Colon tissues were lysed by RIPA buffer containing protease inhibitor cocktail. Protein samples were subjected to SDS-PAGE (12%, Bis-Tris Midi Gel, Invitrogen) for electrophoresis to PVDF membranes. After blocking with BSA (5%) for 1 h at room temperature, PVDF membranes were incubated with primary antibodies against plasmalemma vesicle-associated protein (PLVAP; 1:1,000) and Claudin3 (CLDN3; 1:1,000) overnight at 4°C; after being washed by TBST, PVDF membranes were incubated with secondary antibodies for 1 h at room temperature. After being rinsed thoroughly, HRP signals were detected by ECL western blotting substrate (Pierce).
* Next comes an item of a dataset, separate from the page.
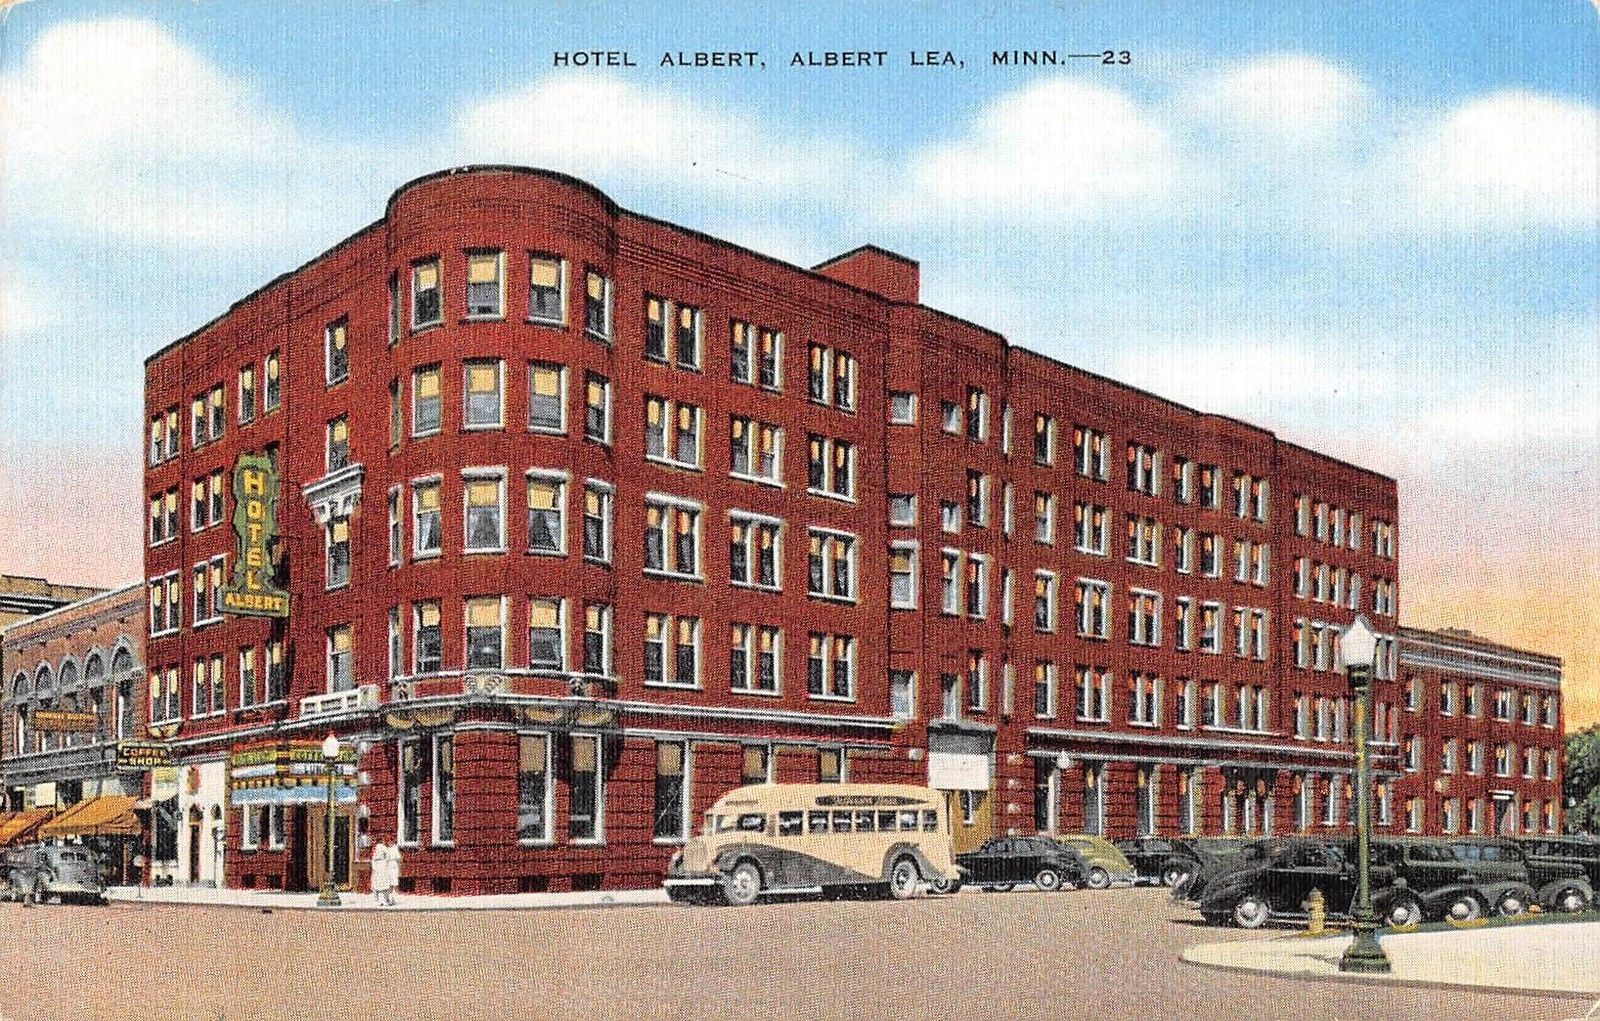 Hotel Albert, Albert Lea, Minnesota Antique Postcard N5487 - Mary L

The intensities of protein bands were analyzed by ImageJ. Proteins were normalized to the internal control GAPDH.

2.6 Immunofluorescence

Sections (5 μm) were deparaffinized, rehydrated, and washed by PBS. Afterward, sections were blocked with 2% BSA for 30 min at room temperature, and then incubated with the primary antibodies against Zona Occludens 1 (ZO-1; 1:200) and PLVAP (1:200) overnight at 4°C. Thereafter, sections were incubated with fluorescence labeled anti-rabbit IgG secondary antibody for 1 h at room temperature, and co-incubated with DAPI for 4 min in the dark at room temperature. At last, images were observed by a microscope (Olympus). Image Pro-Plus 6.0 was applied for data analysis.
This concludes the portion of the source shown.